• **AIM OF THE TASK**
Below, locate the line that contains "Lanterne che fluttuano". Repeat exactly from that line to the line that contains "Ti-Premium LUX 9800KL", inclusive, leaving out the pictures.

• **RECORDS FOR PROCESSING**
== Segment start ==

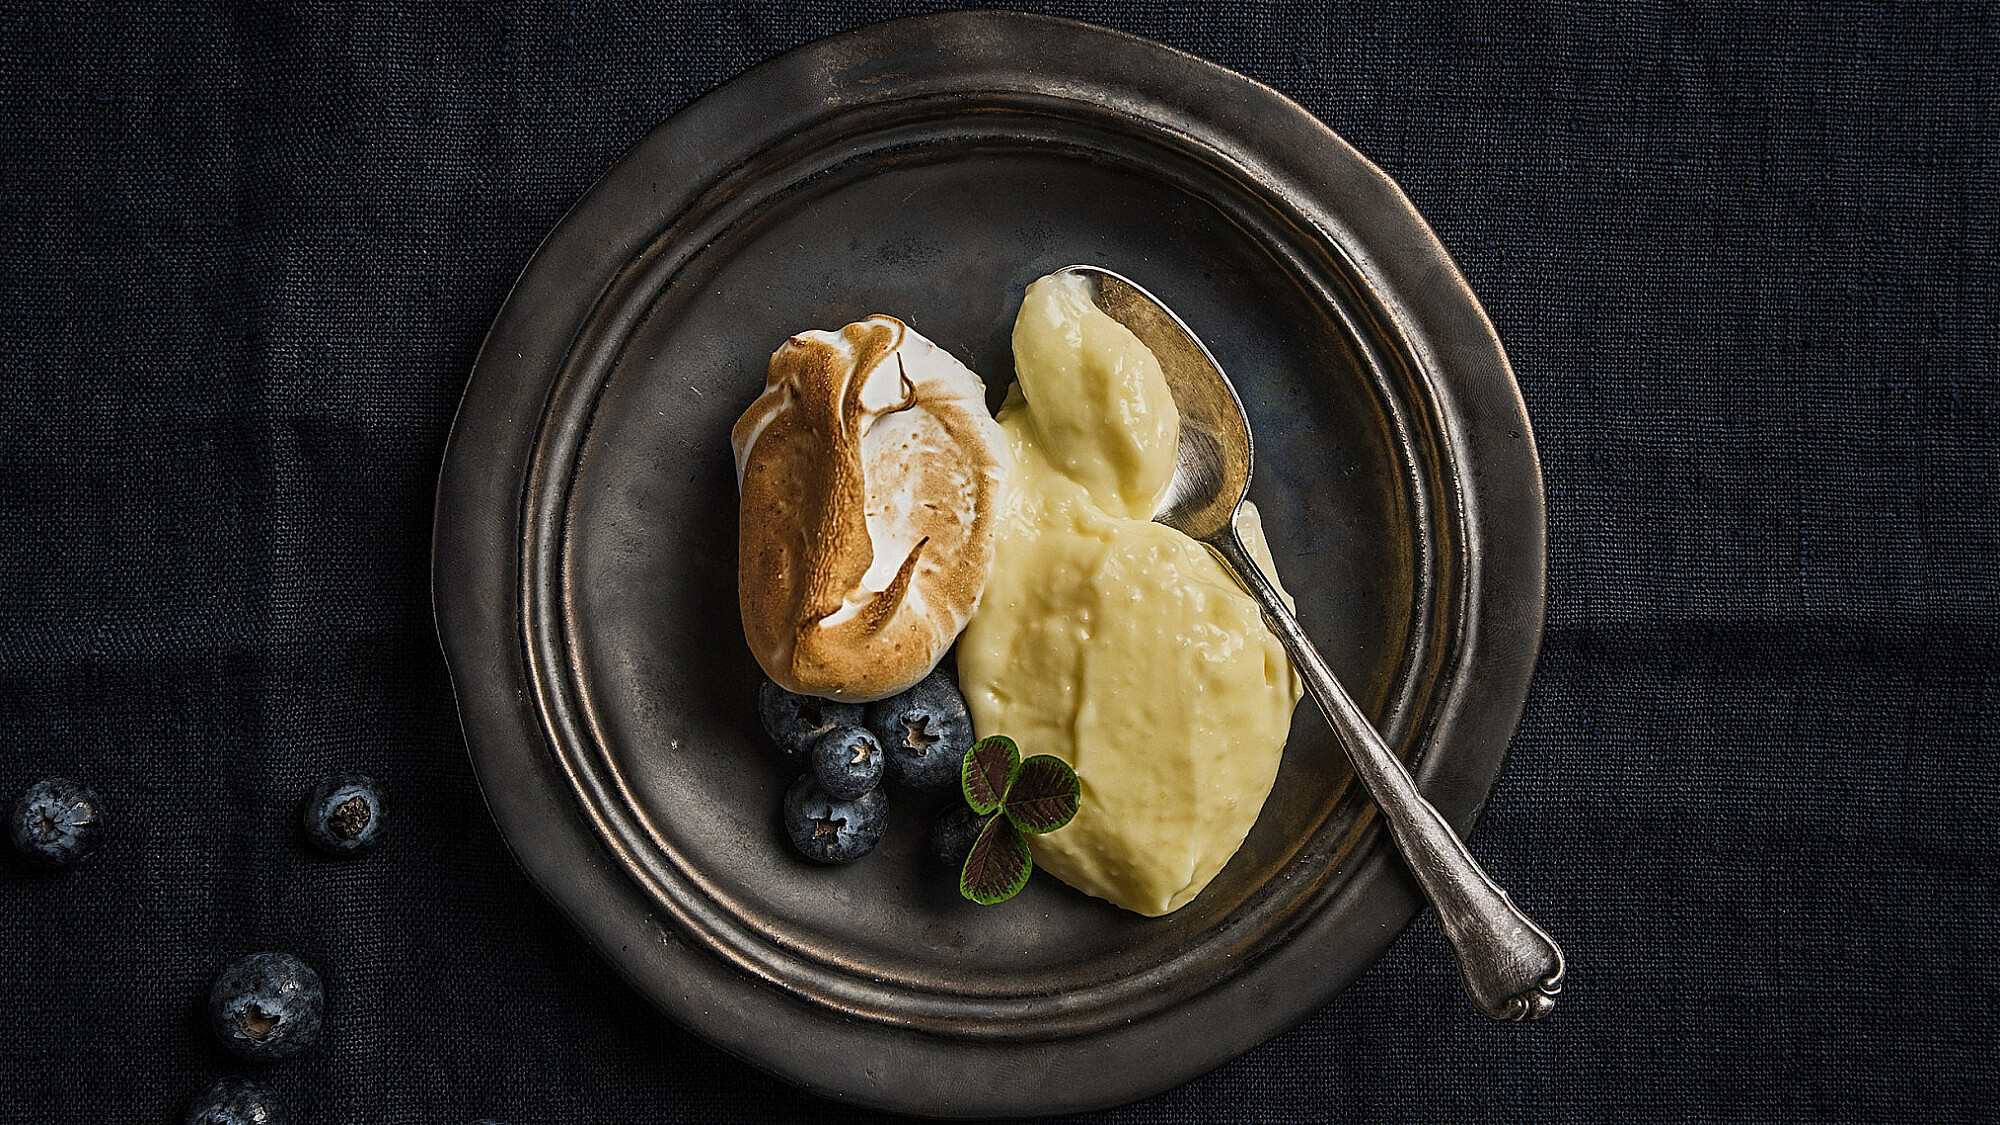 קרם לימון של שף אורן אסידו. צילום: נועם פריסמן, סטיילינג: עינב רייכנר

== Segment end ==
== Segment start ==

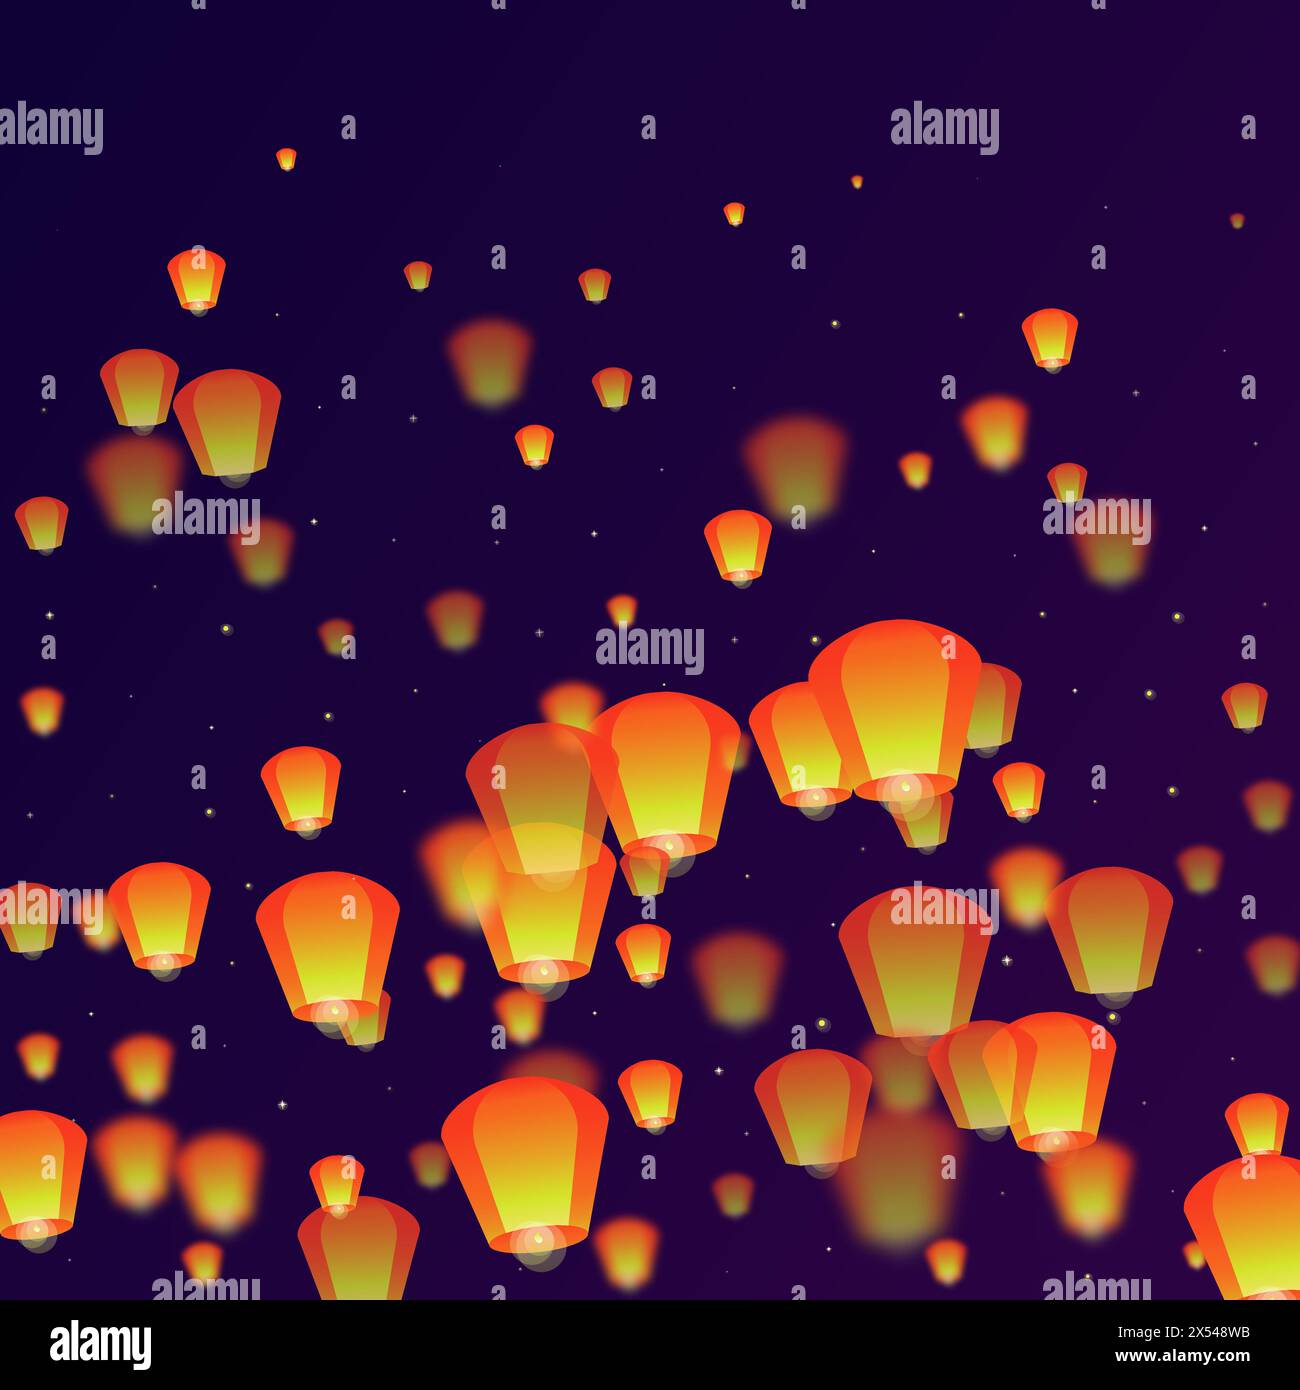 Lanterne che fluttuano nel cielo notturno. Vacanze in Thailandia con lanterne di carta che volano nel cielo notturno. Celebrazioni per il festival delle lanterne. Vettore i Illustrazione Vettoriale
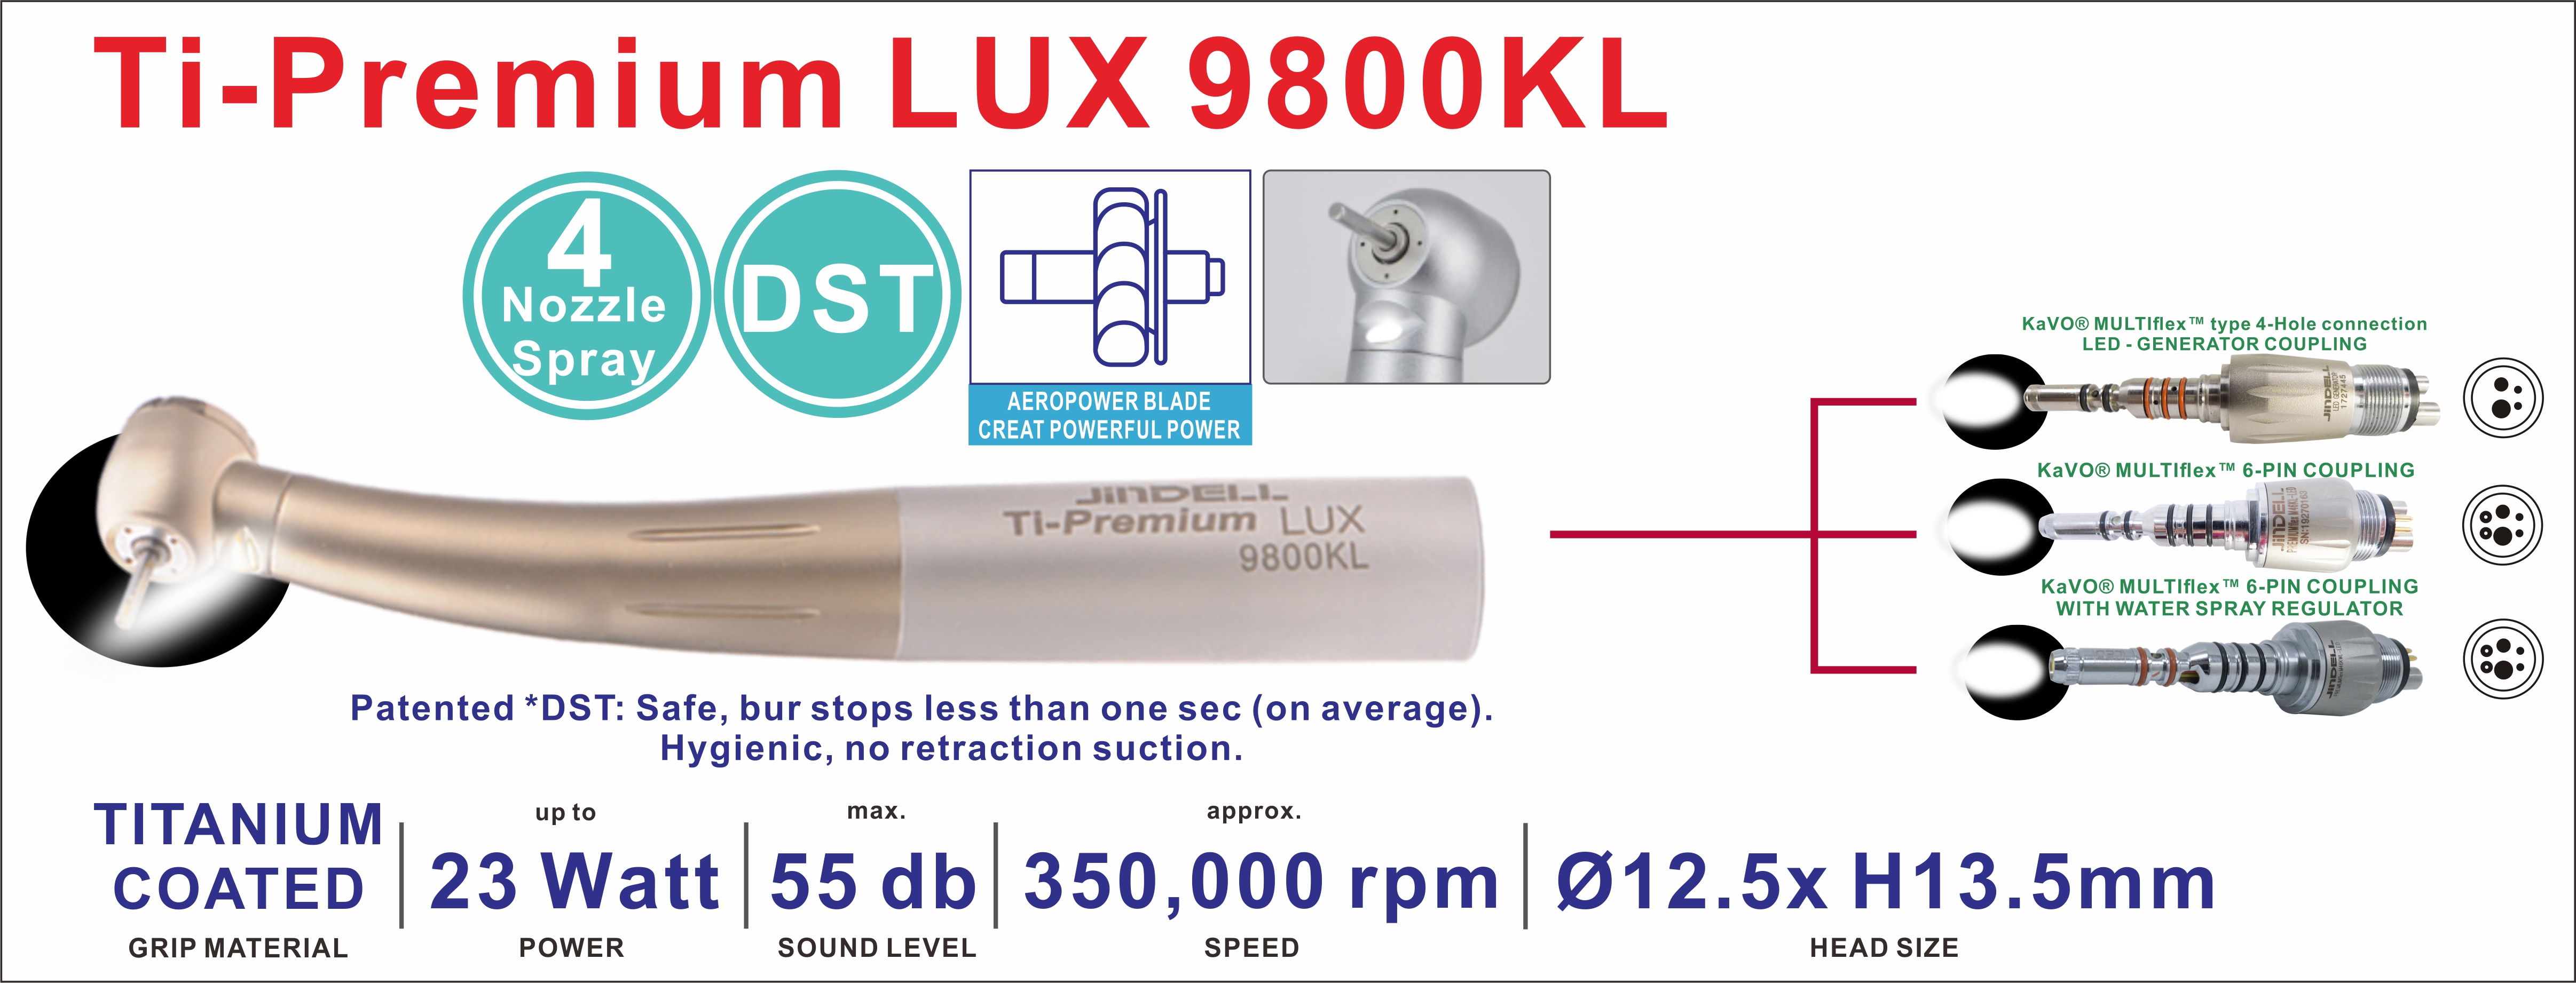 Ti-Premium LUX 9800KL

== Segment end ==

• **WRITTEN ANSWER**
 Lanterne che fluttuano nel cielo notturno. Vacanze in Thailandia con lanterne di carta che volano nel cielo notturno. Celebrazioni per il festival delle lanterne. Vettore i Illustrazione Vettoriale
 Ti-Premium LUX 9800KL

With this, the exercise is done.